When you write out the listing below, keep each word exactly as it stands and drop the pictures.

### Exercise data ###

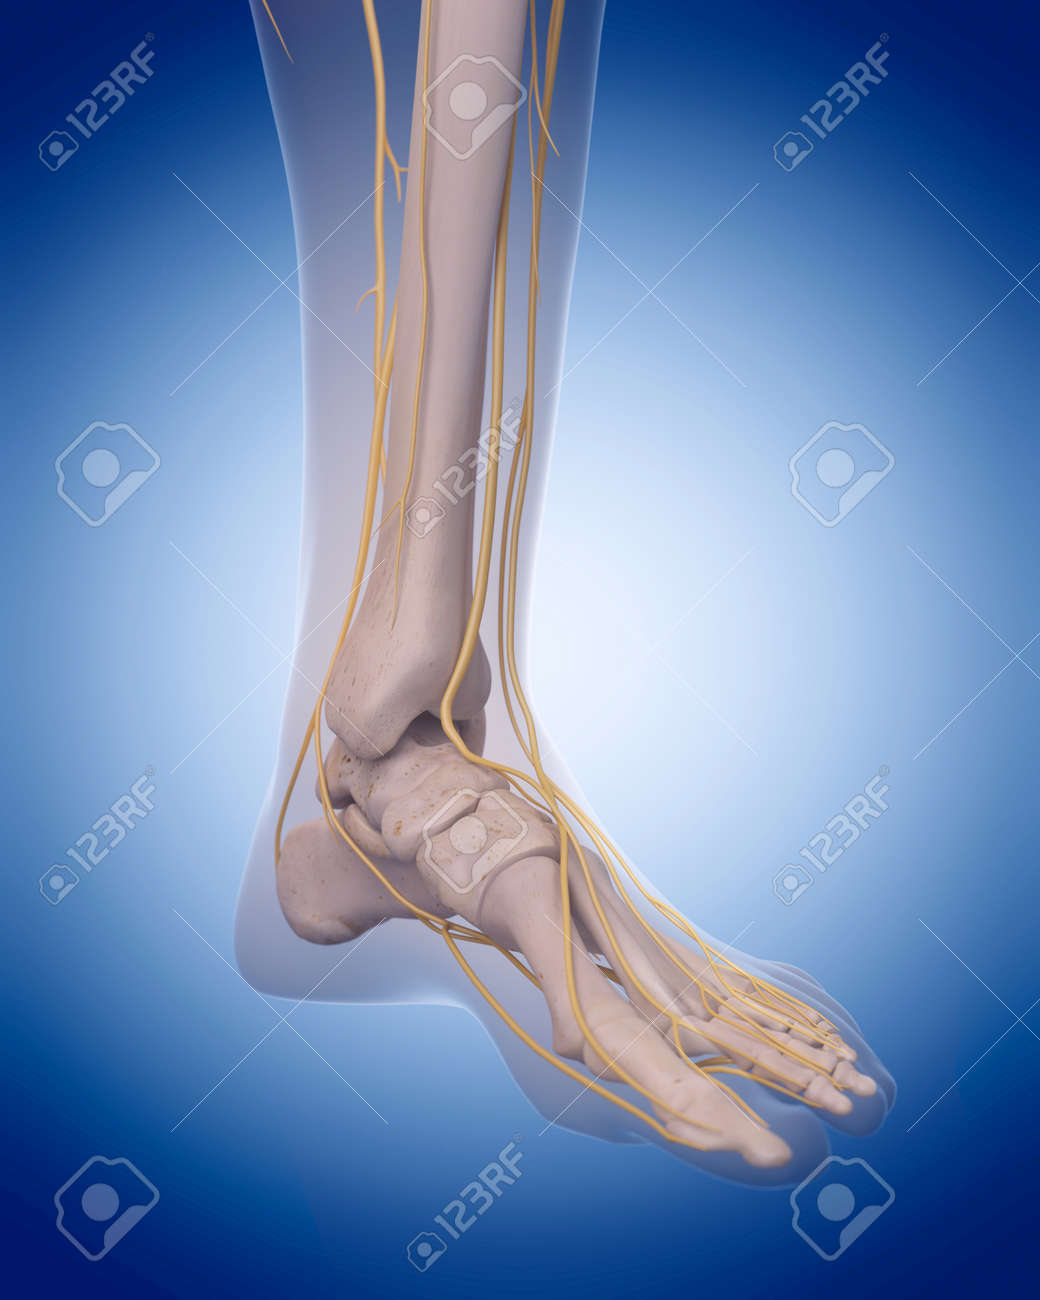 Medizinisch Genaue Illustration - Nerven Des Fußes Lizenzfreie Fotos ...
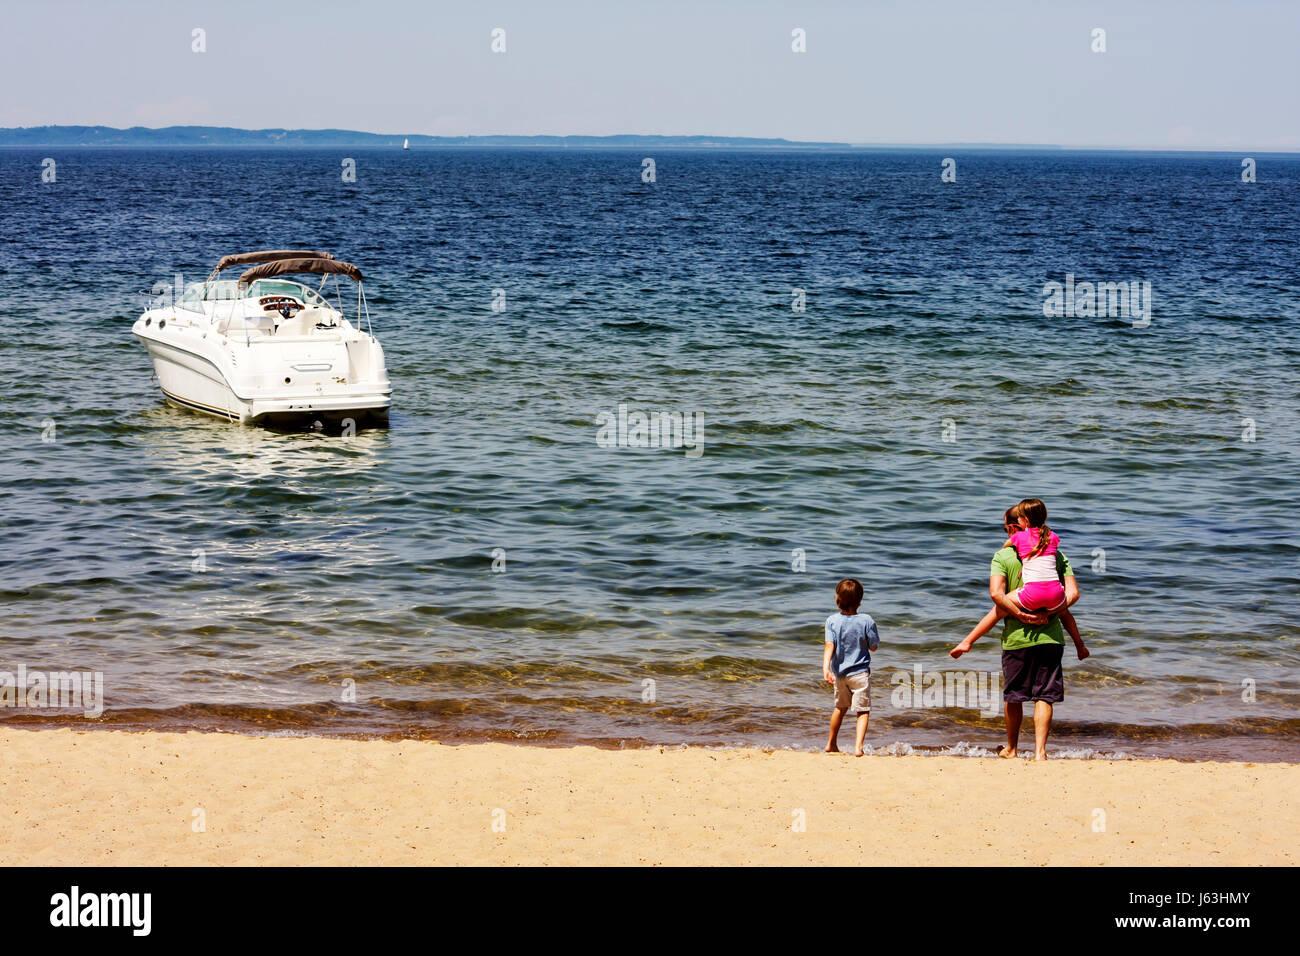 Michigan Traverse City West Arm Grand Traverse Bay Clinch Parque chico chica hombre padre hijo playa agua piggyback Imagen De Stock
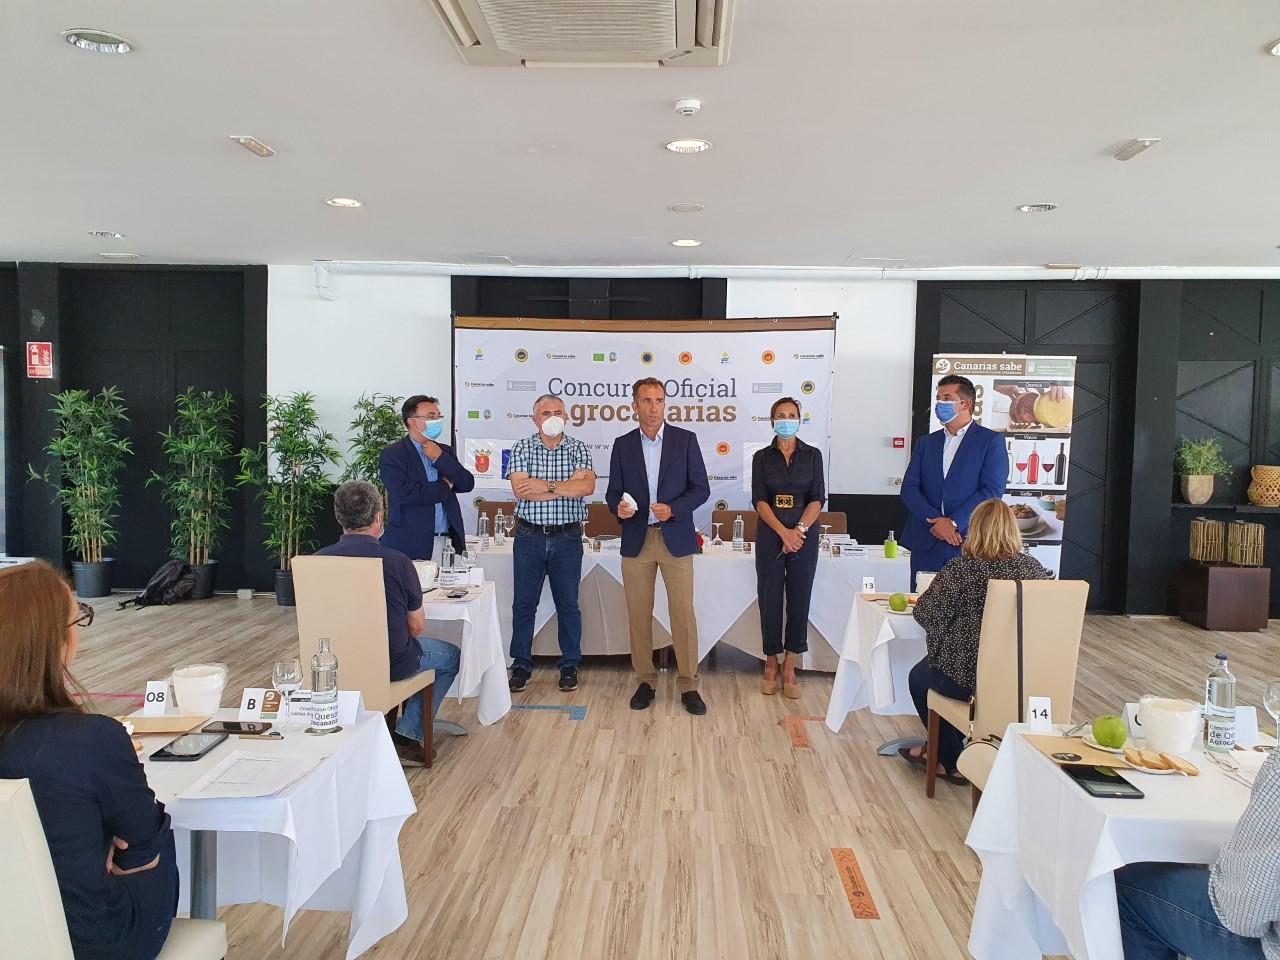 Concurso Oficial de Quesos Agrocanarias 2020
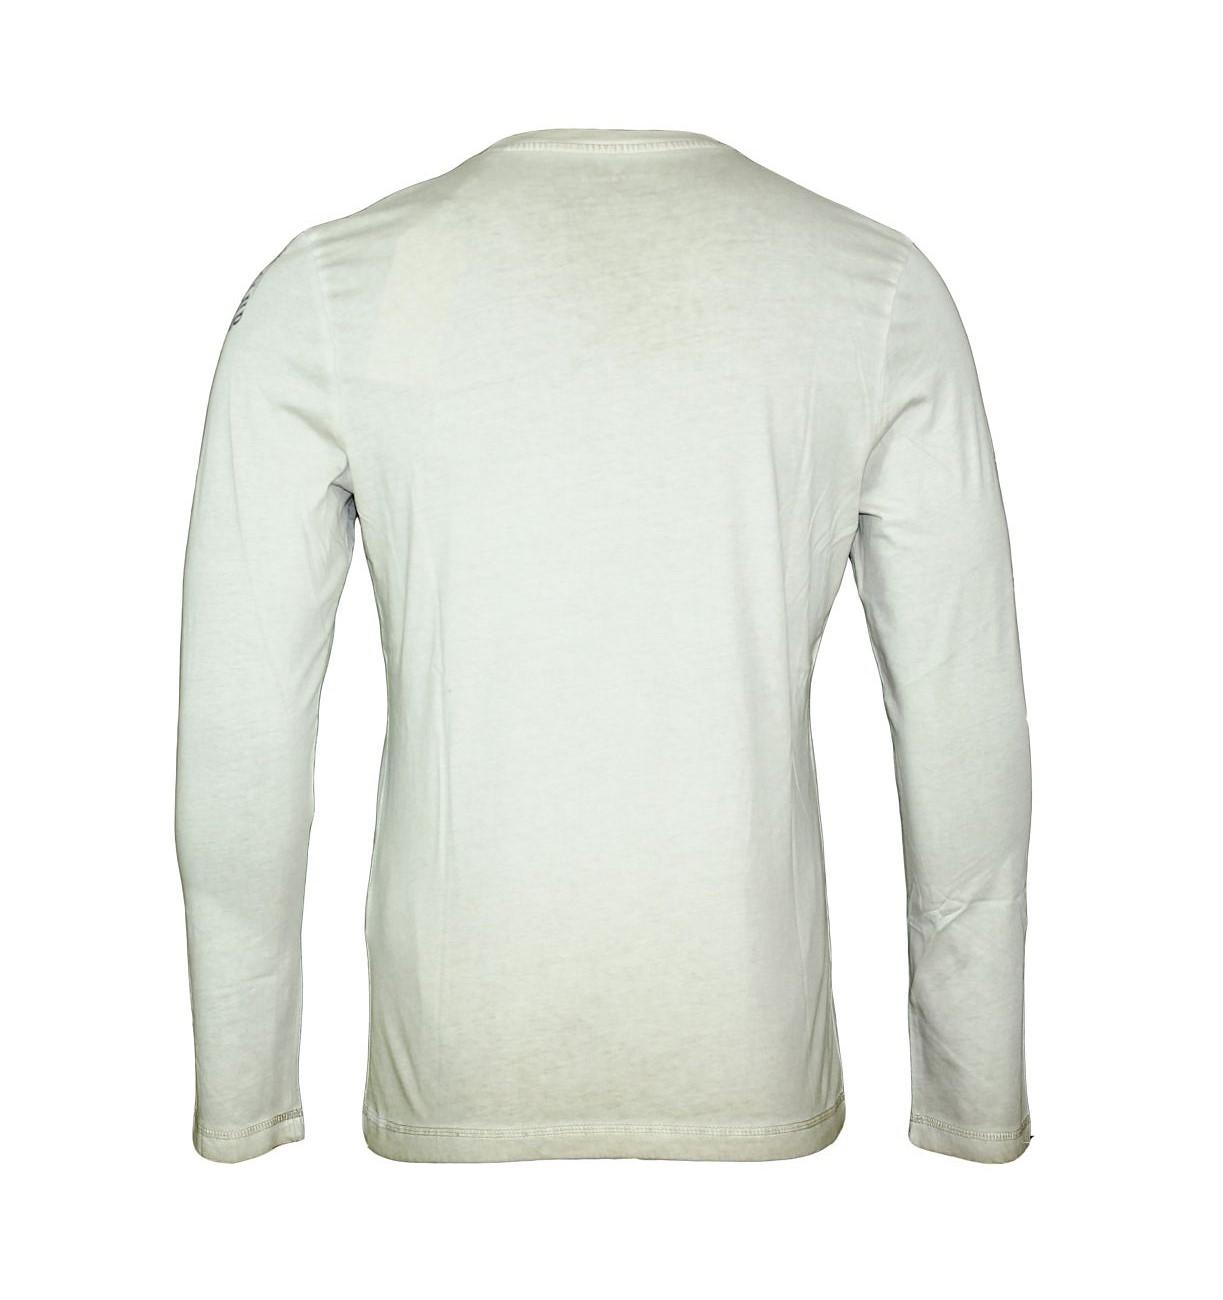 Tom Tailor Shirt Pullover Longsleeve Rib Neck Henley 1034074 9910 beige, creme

###

**Answer box:**
 Medizinisch Genaue Illustration - Nerven Des Fußes Lizenzfreie Fotos ...
 Michigan Traverse City West Arm Grand Traverse Bay Clinch Parque chico chica hombre padre hijo playa agua piggyback Imagen De Stock
 Concurso Oficial de Quesos Agrocanarias 2020
 Tom Tailor Shirt Pullover Longsleeve Rib Neck Henley 1034074 9910 beige, creme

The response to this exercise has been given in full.